Parameters can be changed directly in the floating edit boxes on the main screen. When you start entering data, a tip window is shown to remind you to use the return key to finish editing and get the results updated.
There are two options here; Text Output, which opens a text output window showing a list of the parameters and results of the calculation and allows an Ascii text file to be saved, and Exit, which shuts down the program.
Text Output Window
Text Output opens a text output window showing a list of the parameters and results of the calculation and allows an Ascii text file to be saved.
Shuts down the program.
This causes the results to be recalculated using the current values of the parameters. If there are any parameters that were in the process of being changed in their edit boxes but haven't been entered by using the return key, they will be restored to the previous values.
LOS Parameters Dialog
Selecting Params/LOS allows you to change the Line of Sight parameters. This is simply an alternative method for entering the data instead of using the edit boxes on the main window.
Single Diffraction Parameters Dialog
Selecting Params/Diffraction selects the single diffraction model and allows you to change the single diffraction model parameters.
There is no support in this program for multiple diffraction models.
Selecting "Params/Default Parameters" allows you to set the LOS and diffraction parameters to their install defaults. A message box will ask you to confirm this with a Yes/No choice.
Font has three sub-menu items which set up the font for different parts of the app.
- Graphics area font - image area and parameter entry box annotations
- Control/Status area font - range and margin results, hill type and diffraction buttons
- Edit Boxes font - parameter entry edit boxes
You may want to change the font selection for personal preference, or if you find that the control boxes and text appear to be truncated (possible on certain system and font setups).
To change the fonts for the graphics area (the image area and parameter entry box annotations), the control/status area (range and margin results, hill type and diffraction buttons), or the parameter entry edit boxes, select Options/Font and pick one of the three font setups. A standard Windows font selection box will appear, and if you select OK the specified font will be selected, and saved in the system registry for the next session.

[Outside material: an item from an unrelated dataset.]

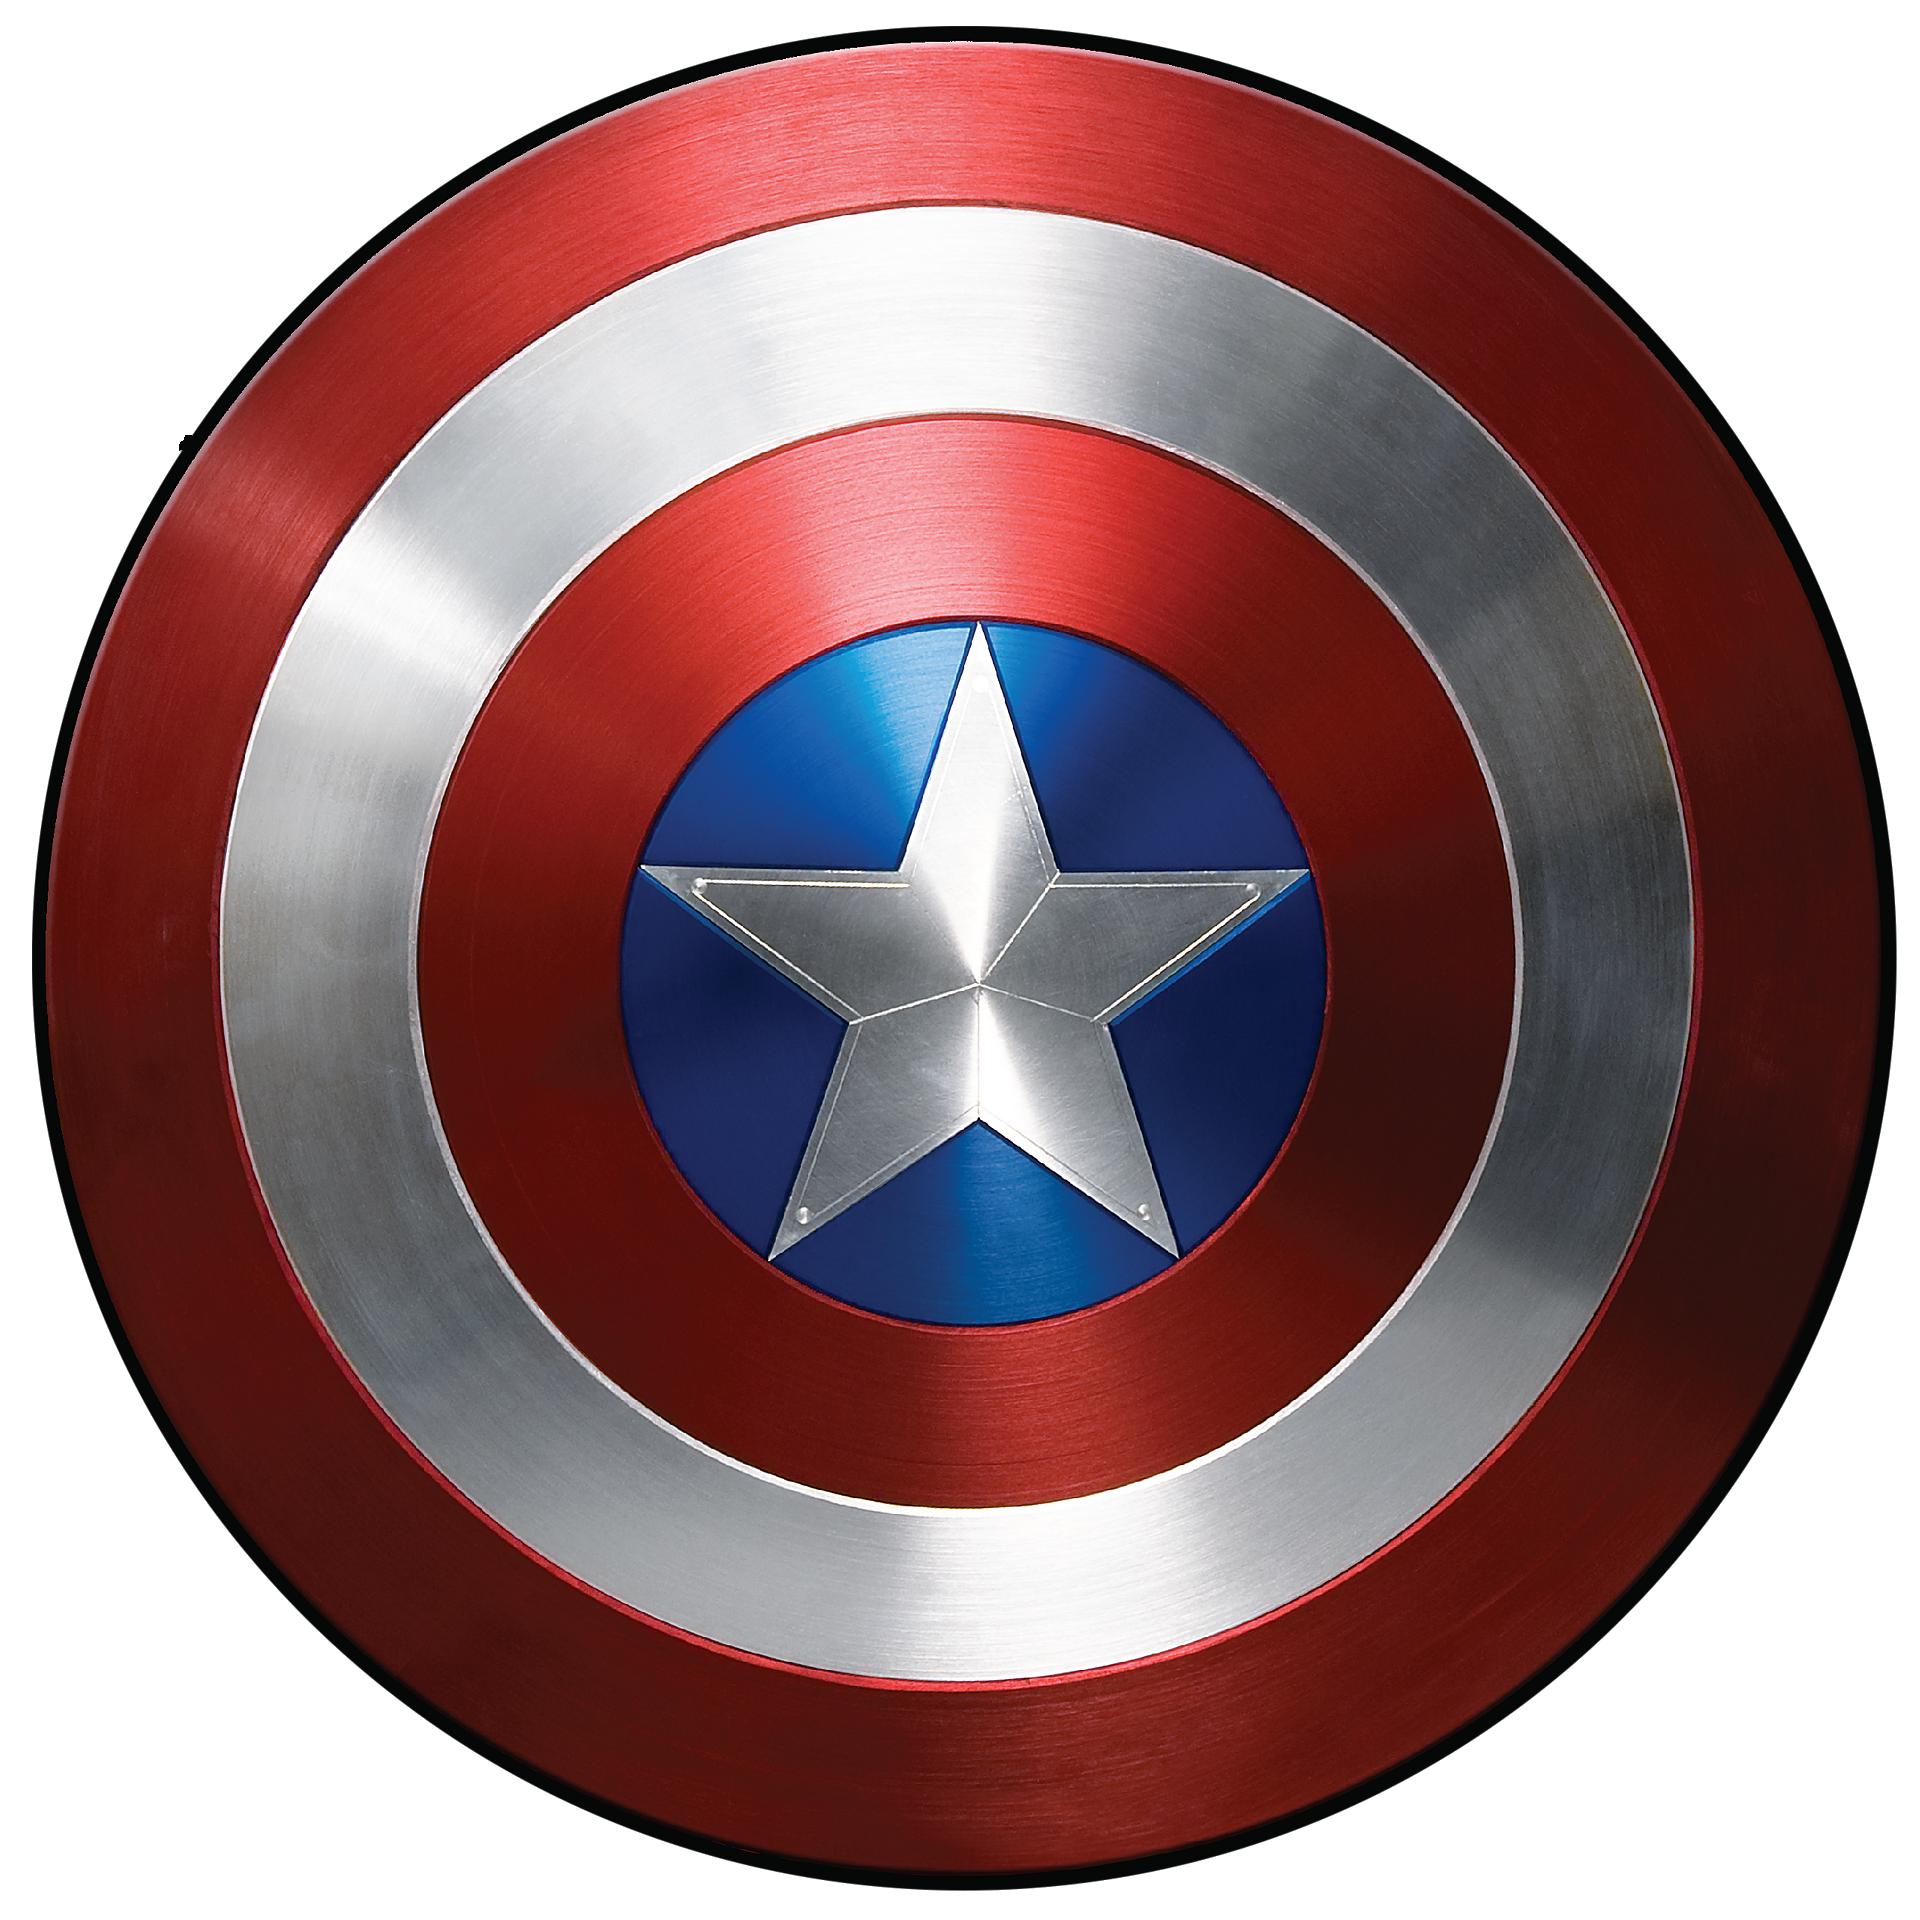 Captain America's Shield | Disney Wiki | FANDOM powered by ...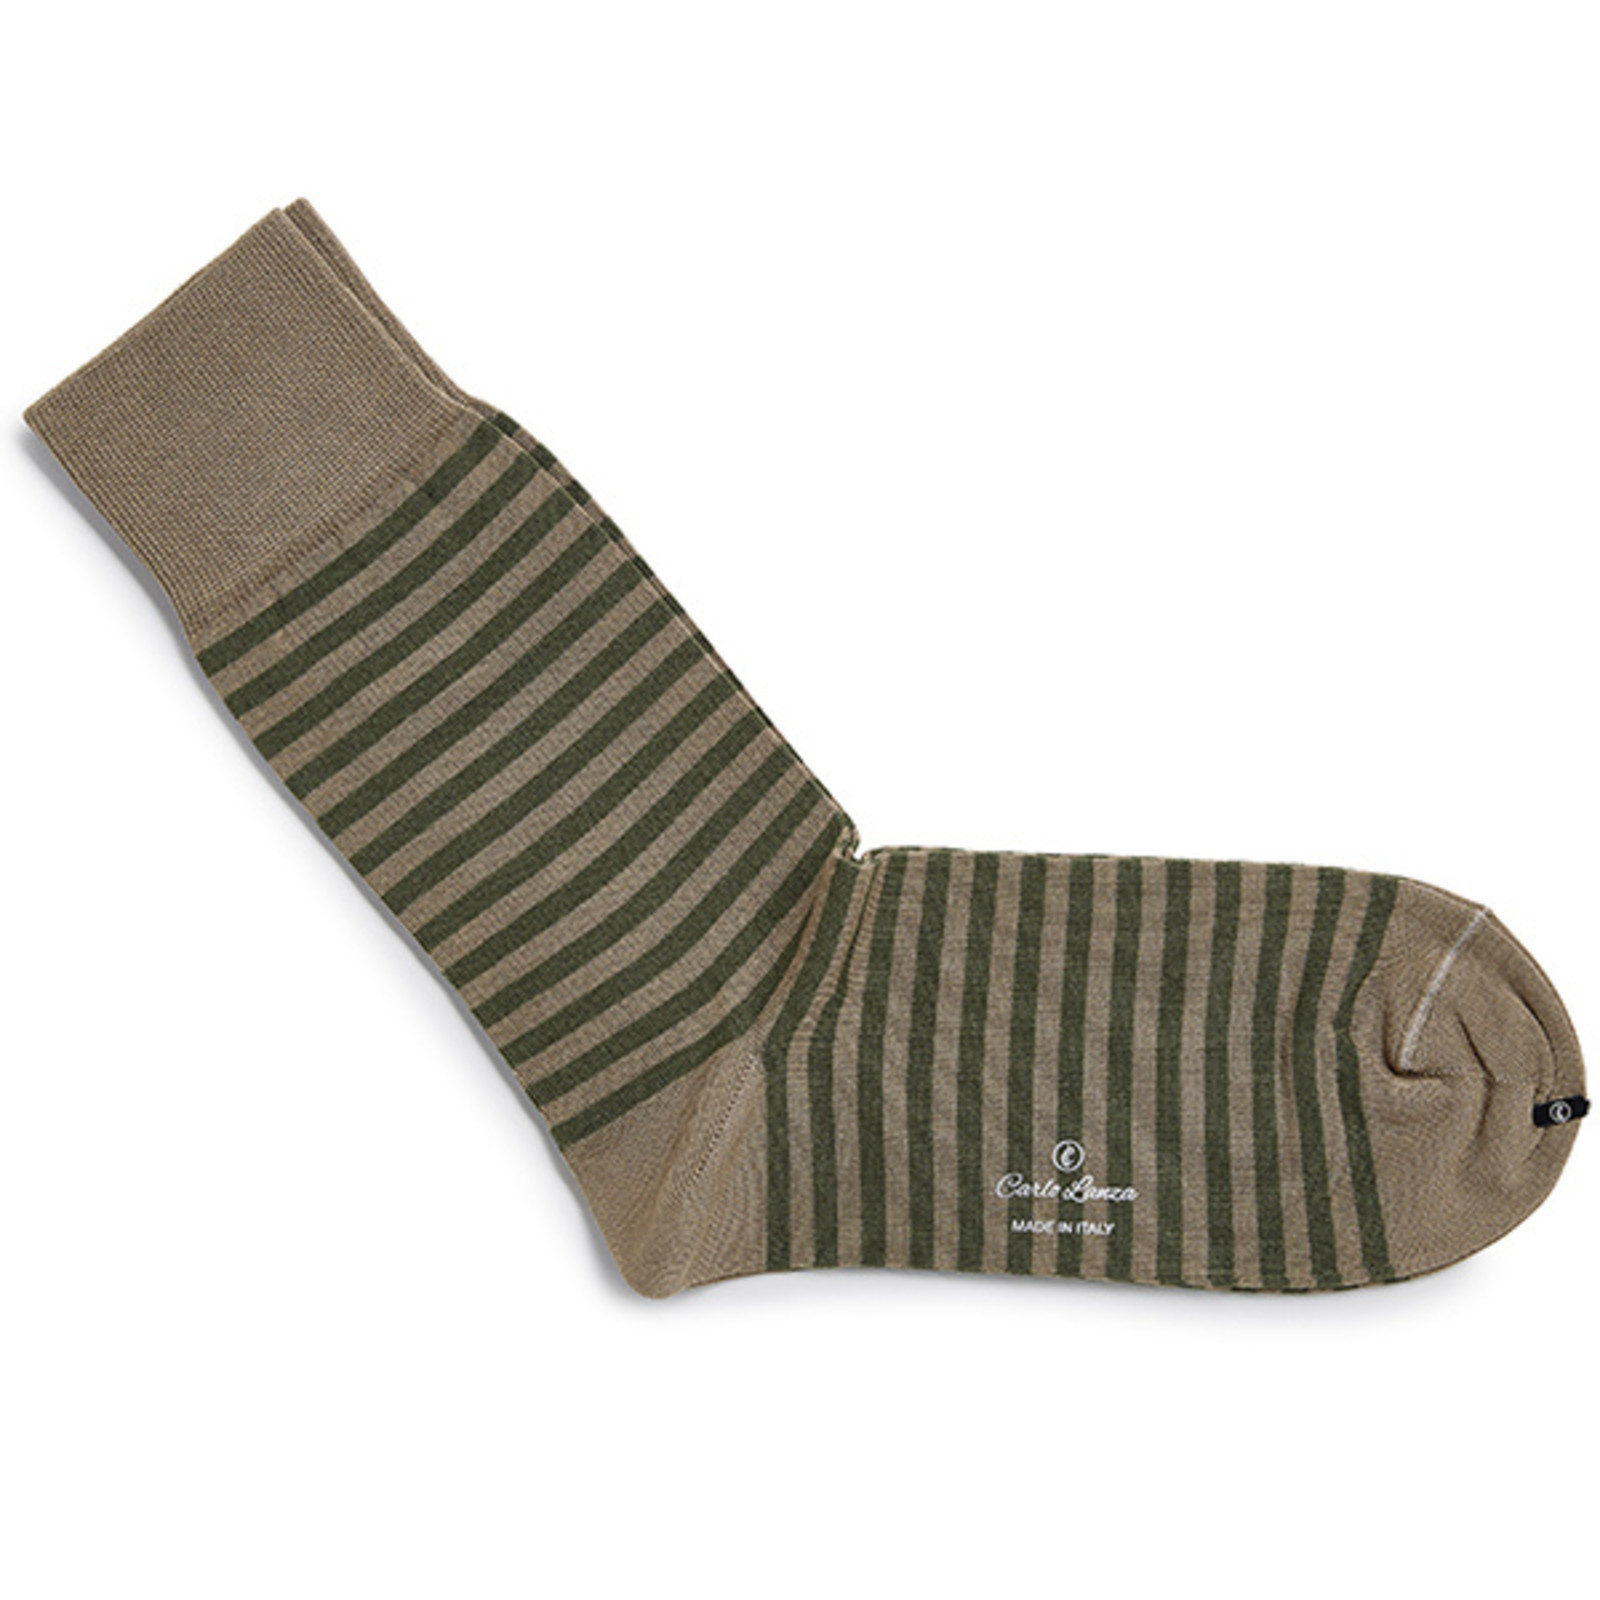 Carlo Lanza Olive stripe socks

Default Font has three sub-menu items which set the fonts that you edit on the Options/Font dialogs to the installation defaults for the application. The three sub-menu items match the same ones on Options/Font.
- Graphics area font
- Control/Status area font
- Edit Boxes font
For each default font item, a message box will ask you to confirm this with a Yes/No choice.
Normal window size
If you select Options/Normal window size, the RFProp window will be set to the normal size; this may be useful if you have changed the size of the window. Changing the size of the window is done using the usual Windows frame controls.
"Help/Contents" opens this HTML Help File with a Contents index near the top of the page.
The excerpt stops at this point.